▶ Data

+---+

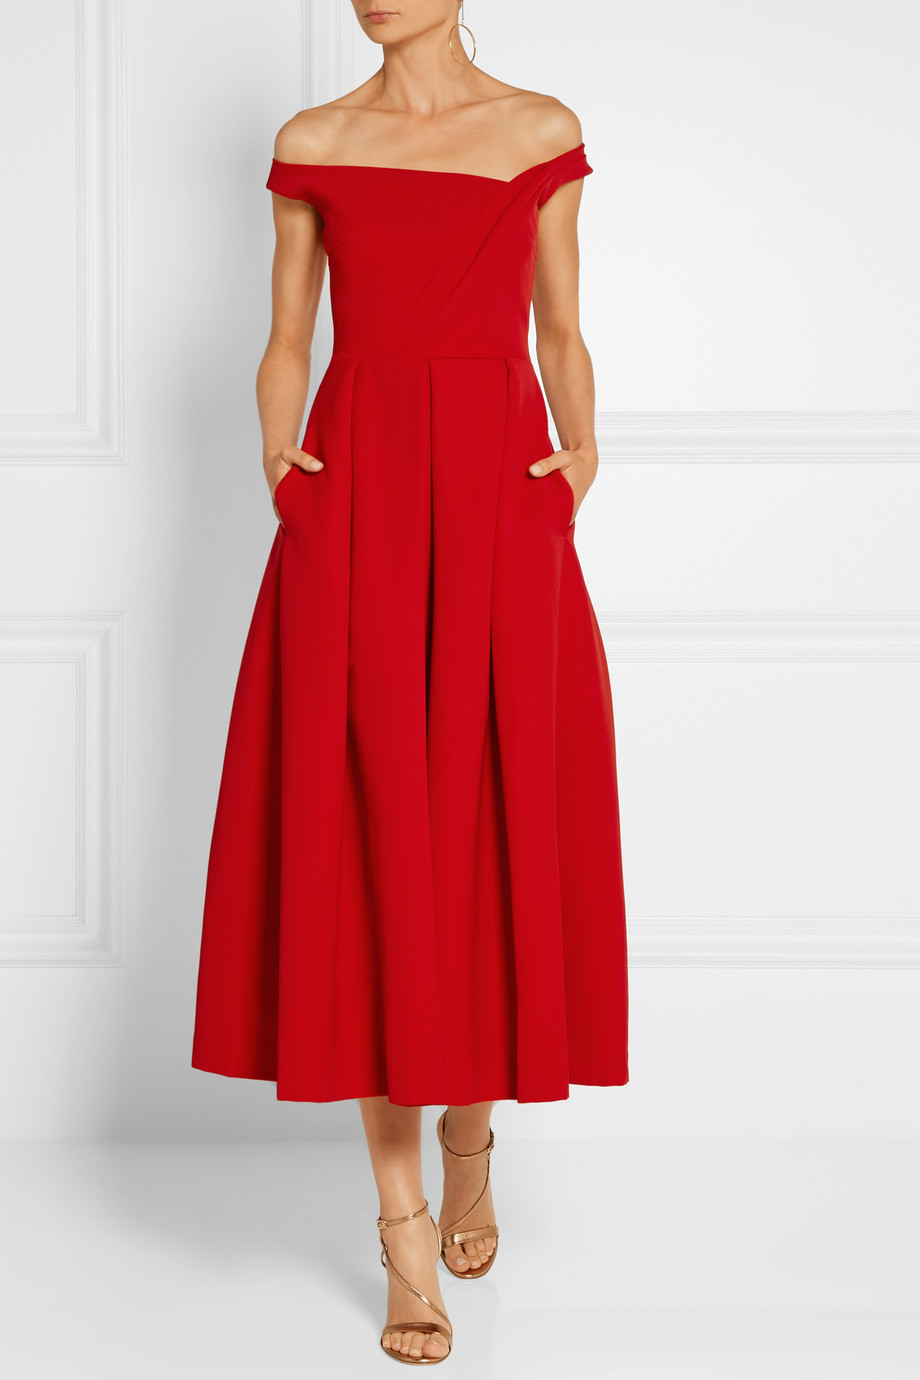 preen-finella-dress-red-1.jpg
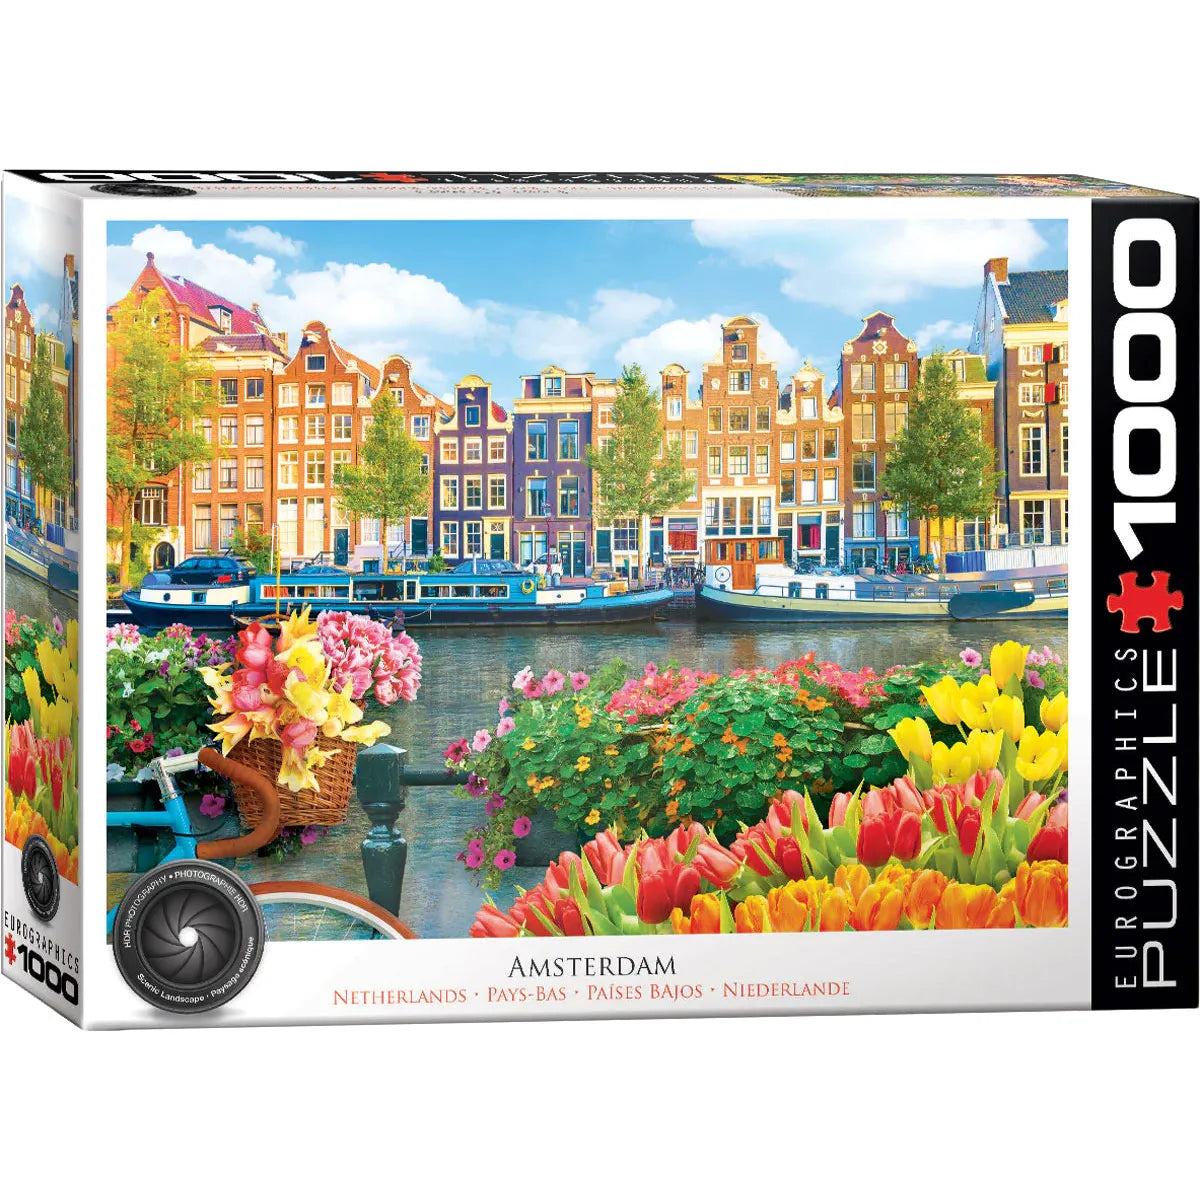 Amsterdam, Netherlands 1000PC Puzzle  Eurographics - Zinnias Gift Boutique
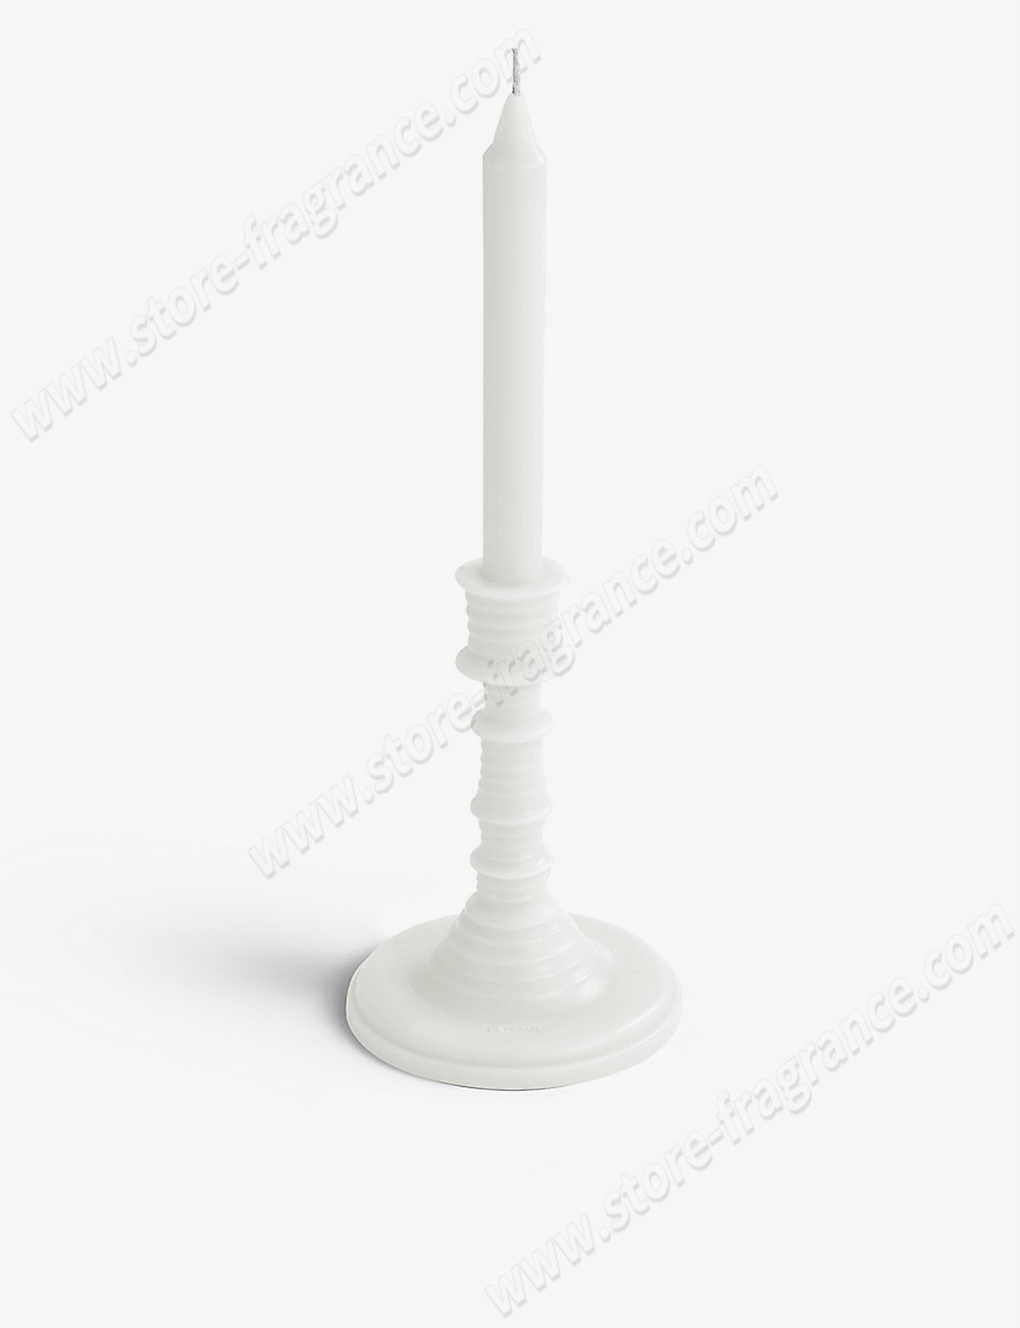 LOEWE/Oregano wax candlestick 330g ✿ Discount Store - -0

+---+

▶ Required action
Leaving the pictures out, output the material exactly as it appears.

▶ Result below
 preen-finella-dress-red-1.jpg
 Amsterdam, Netherlands 1000PC Puzzle  Eurographics - Zinnias Gift Boutique
 LOEWE/Oregano wax candlestick 330g ✿ Discount Store - -0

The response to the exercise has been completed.